Sugar and cocoa industry outlook not looking too sweet in 2019, Fitch Solutions says
Region’s desert climate, limited arable land and water scarcity have resulted in high dependency on food imports from Africa
The sugar deficit in Africa will widen in the coming months as low global prices, loss of the European Union (EU) market and disappointing growth in regional consumption offer few incentives to investors, according to a new report on the outlook for agribusiness in the Middle East and Africa.
“Governments of sugar-producing countries will, instead, focus on protecting their small internal markets from import competition. We forecast shrinking surpluses and increasing deficits in sugar for most Sub-Saharan countries over a three-year horizon, said Fitch Solutions in a report published on Wednesday.
Ethiopia is the only exception to this trend and it is expected to become a major sugar exporter over a five-year horizon to 2022.

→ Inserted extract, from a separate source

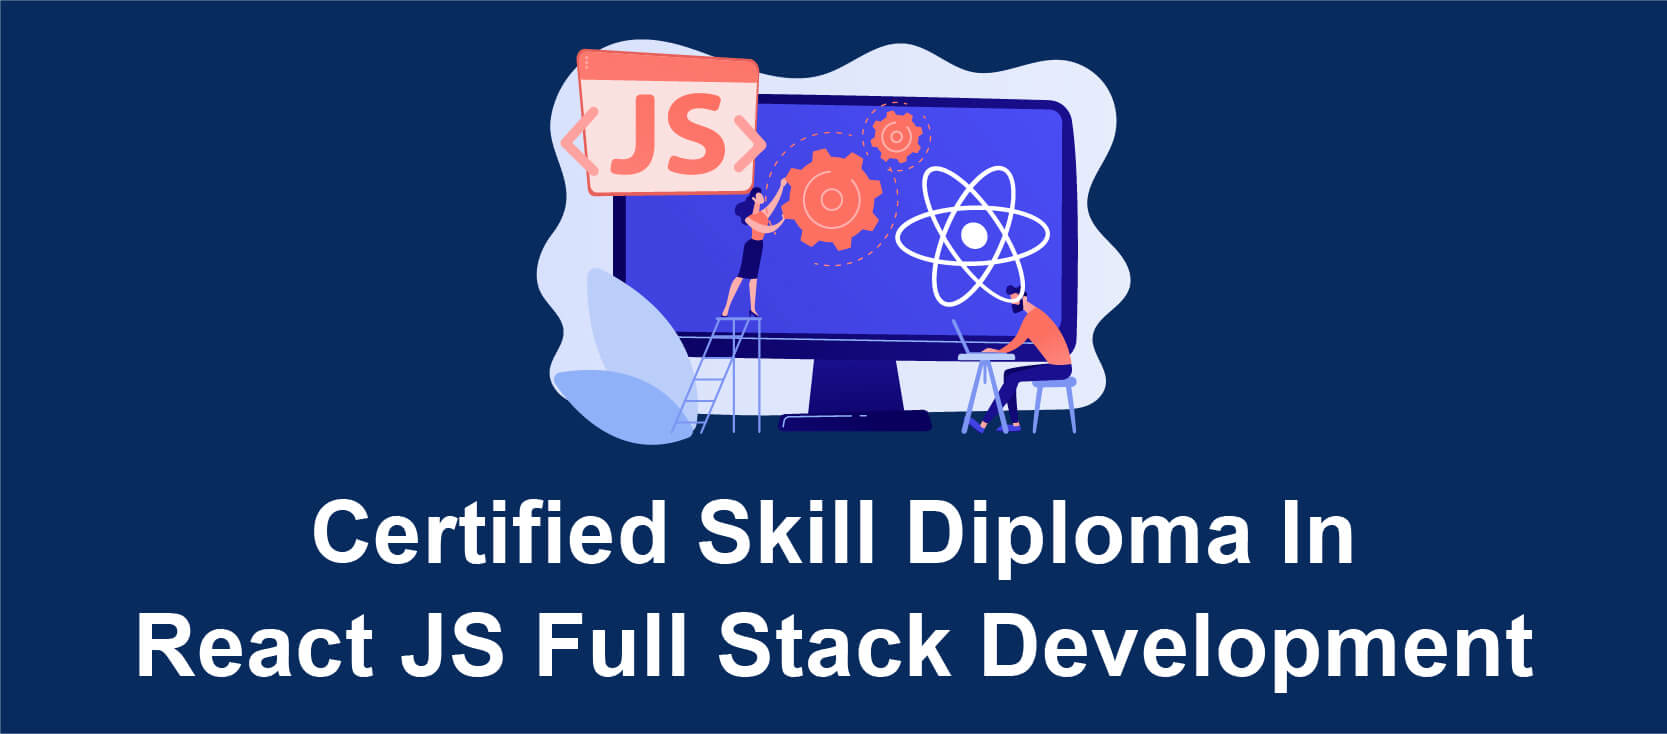 AngularJS Full-Stack Development Course

“Those with the most exposure to the European market, and limited growth opportunities at home, are forecast to be worse affected,” said the report, adding that this includes Mozambique, Zimbabwe and Swaziland.

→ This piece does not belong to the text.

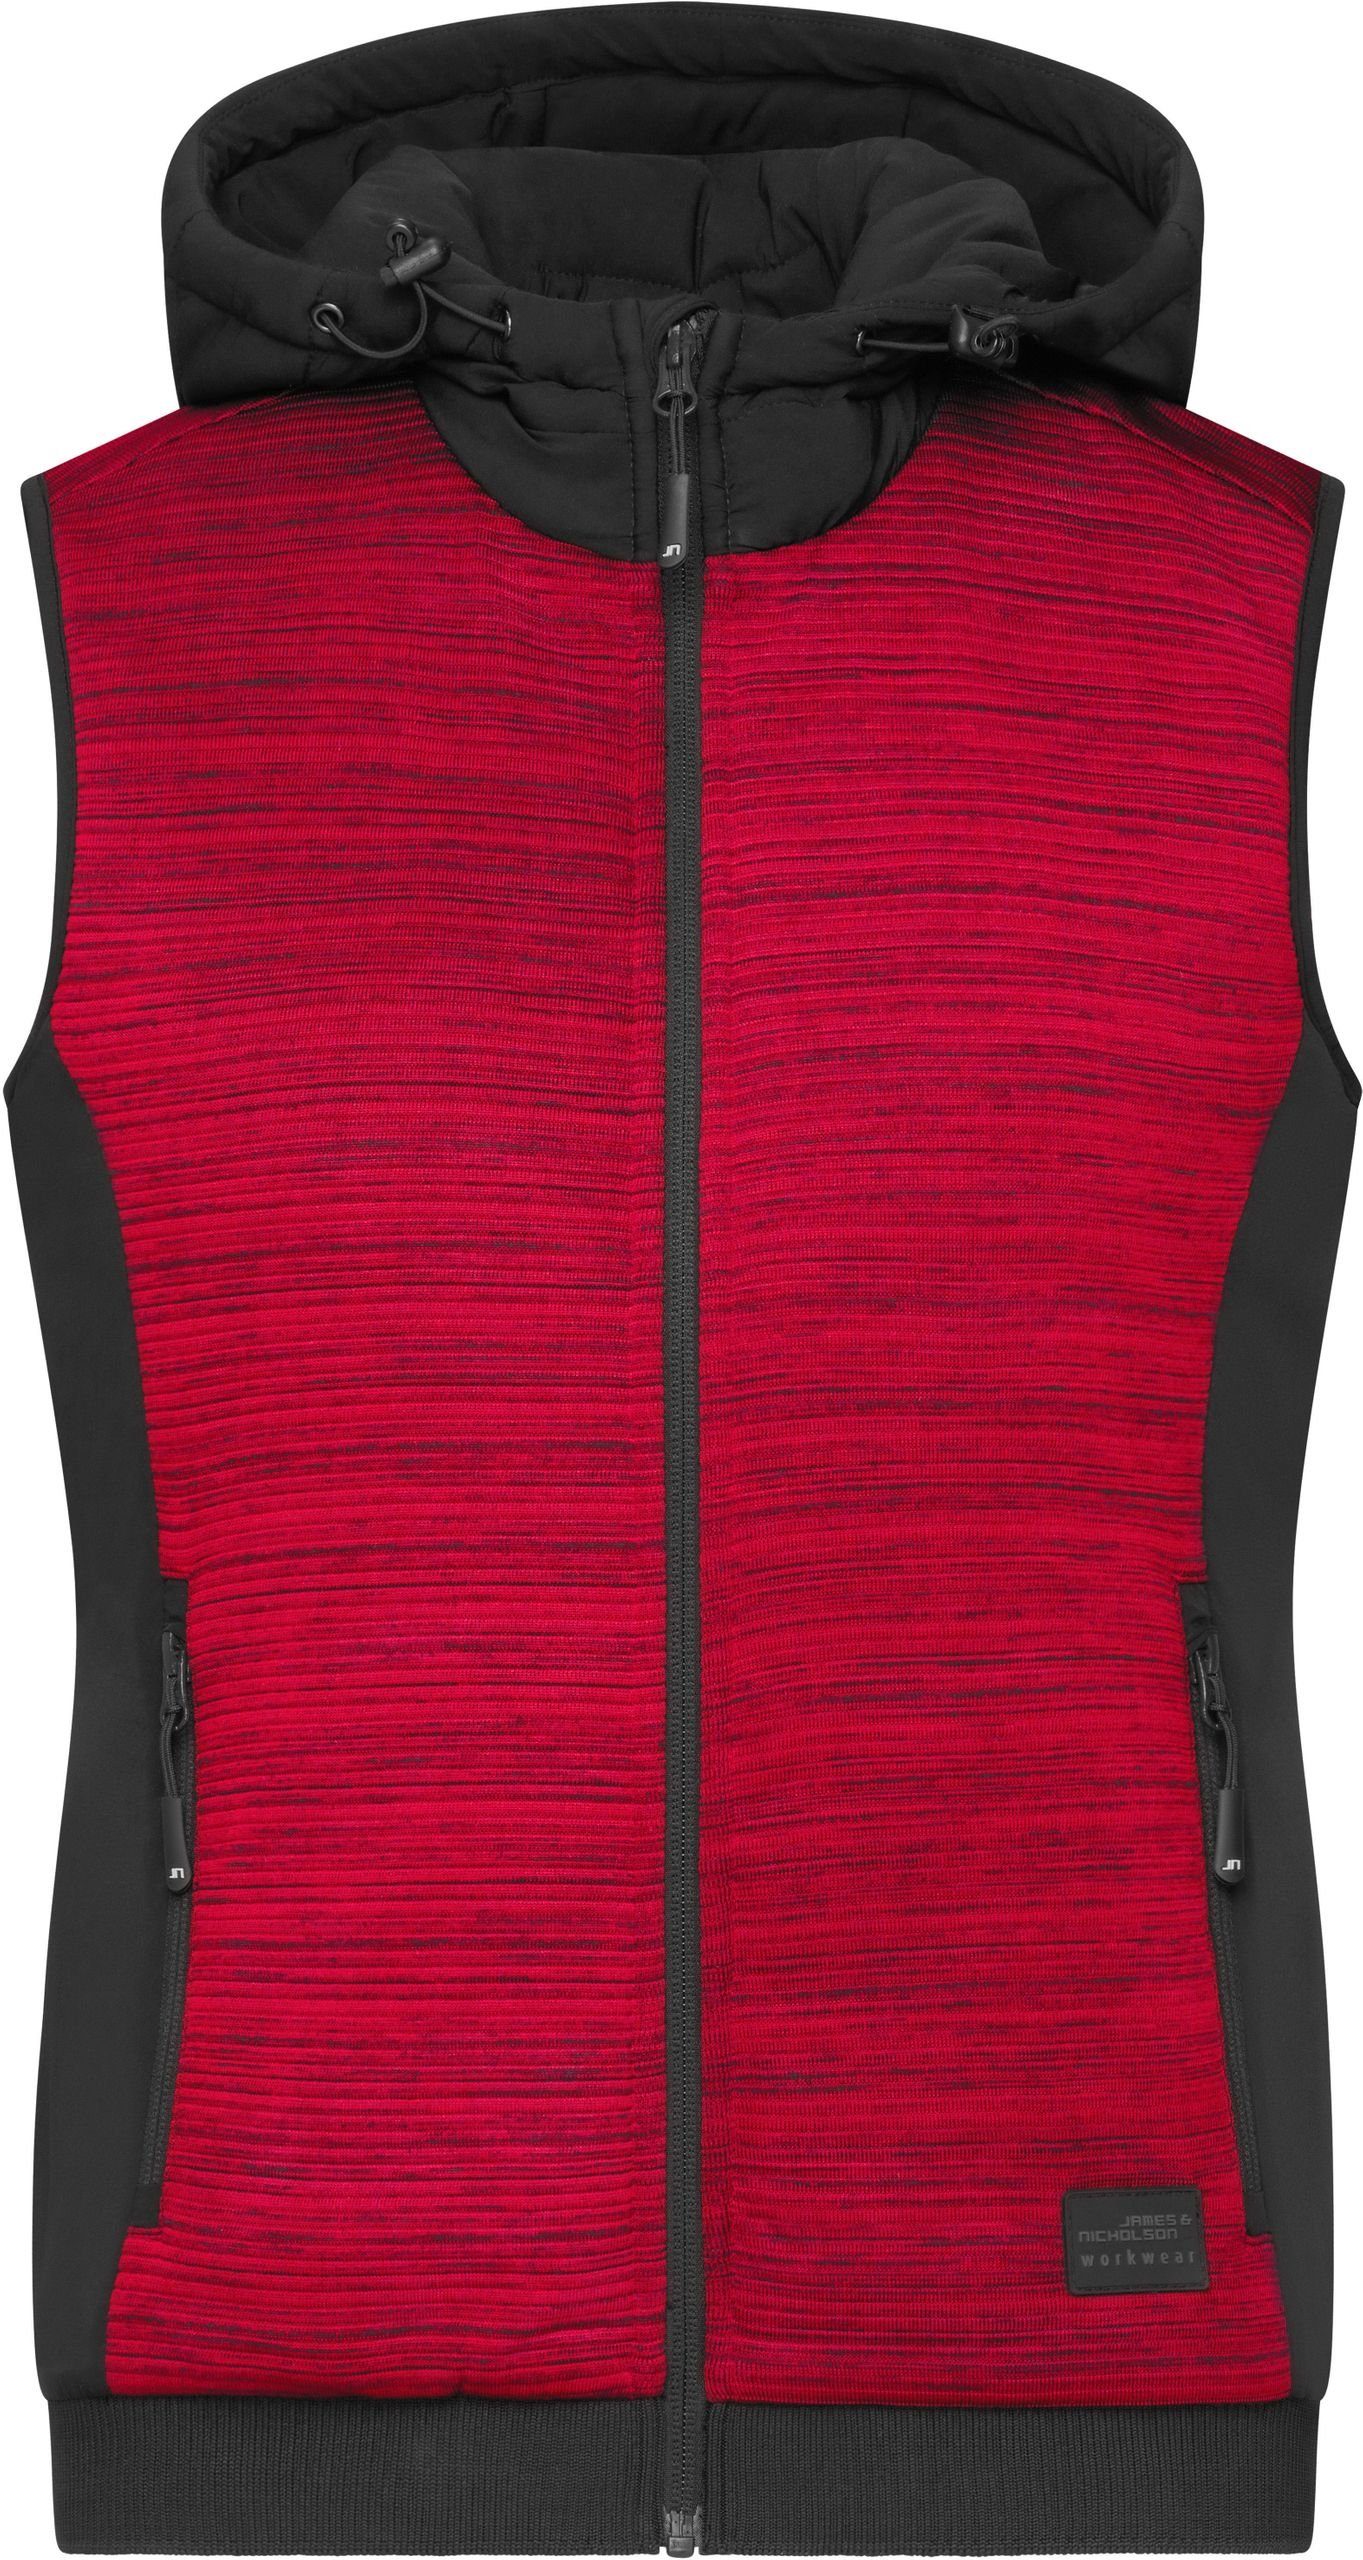 James & Nicholson Fleeceweste Damen melange/black Gilet Strickfleece red Hybrid

Africa has the largest amount of uncultivated land in the world. An estimated 201 million hectares of land is potentially available across sub-Saharan Africa, representing 60 per cent of the world’s total, according to Fischer and Shah figures cited by the World Bank.
This abundance of uncultivated land is far higher than the estimated 120 million hectares available in Latin America, in second position. Africa therefore remains the last frontier for crop production.

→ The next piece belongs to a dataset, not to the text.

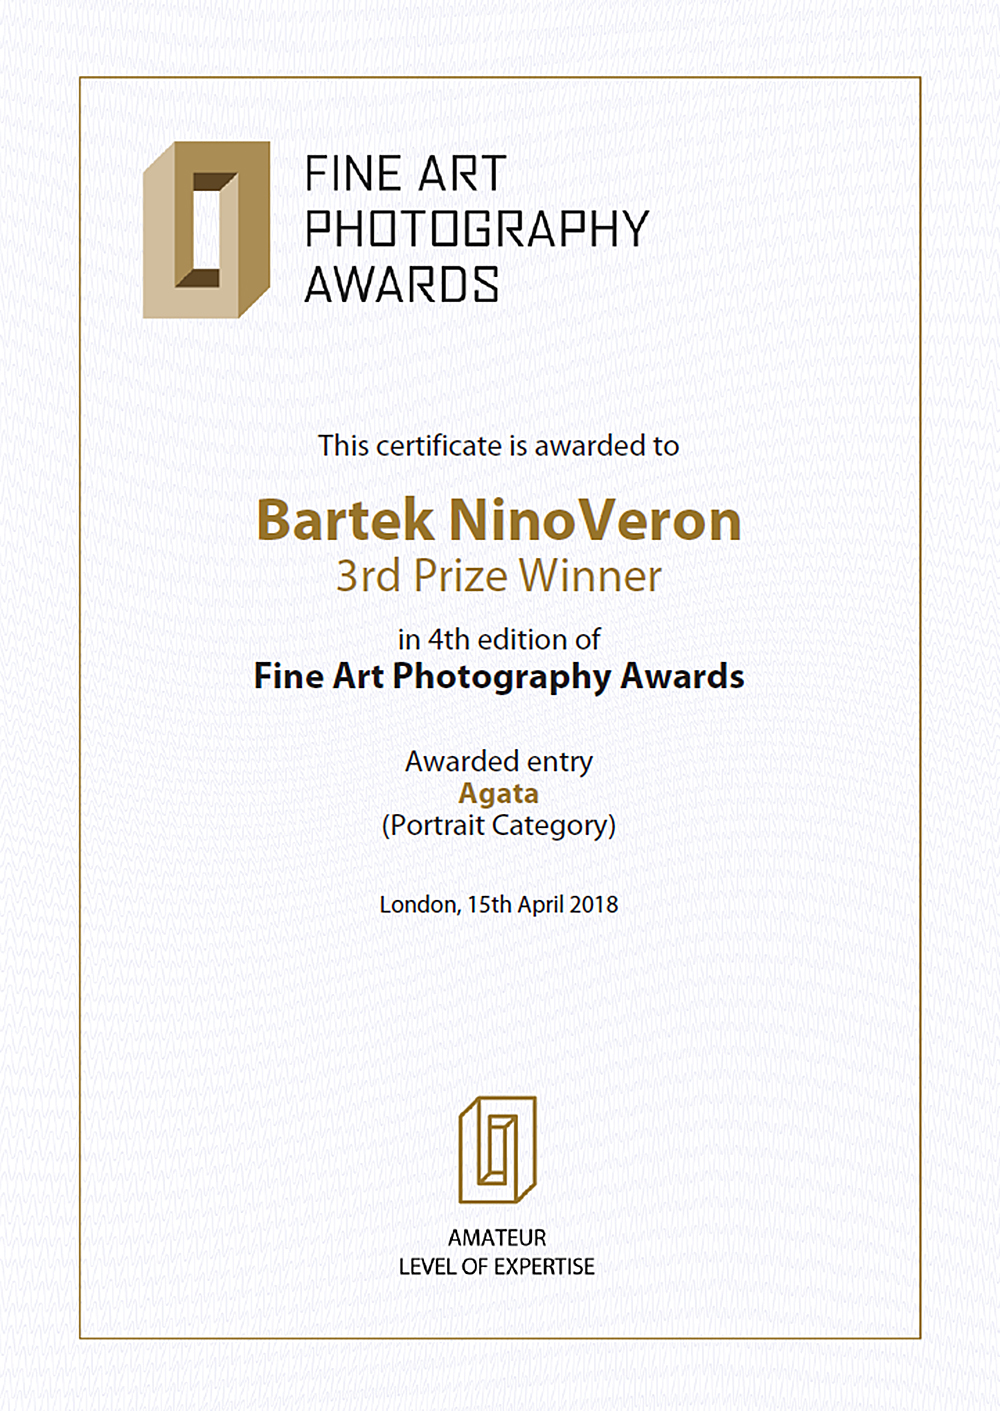 akt, nude, nagroda, konkurs, Fine Art Photography Awards, www.fineartphotoawards.com, ninoveron, Agata

The report also forecast that smuggling will remain a major concern in a bid to regulate global cocoa production levels and a ‘cocoa cartel’ will have a limited impact. Ghana and Côte d'Ivoire created an alliance to control cocoa prices and other marketing and industry activities.
“Though the countries’ (Ghana and Côte d'Ivoire) influence on global supply and international trade is substantial, various structural barriers will inhibit their ability to manipulate the cocoa market,” stated the report.
Ghana and Côte d'Ivoire export cocoa beans which are shipped elsewhere for processing, operate different marketing systems, consist of widely dispersed scattered smallholder farms, and have a limited infrastructure, making coordination difficult.
“Local cocoa producers will therefore still be vulnerable to international price volatility,” said the report.
Investors from the Middle East have been tempted by African agribusiness for years, and a report by real estate consultancy Knight Frank, released in October 2018, suggests demand is growing. GCC agricultural investors are increasingly driven by the prospect of reaping good returns.
Moreover, the region’s desert climate, limited arable land and water scarcity have resulted in high dependency on food imports – in the UAE, African imports totaled $21 billion in 2017, up 170 per cent since 2010.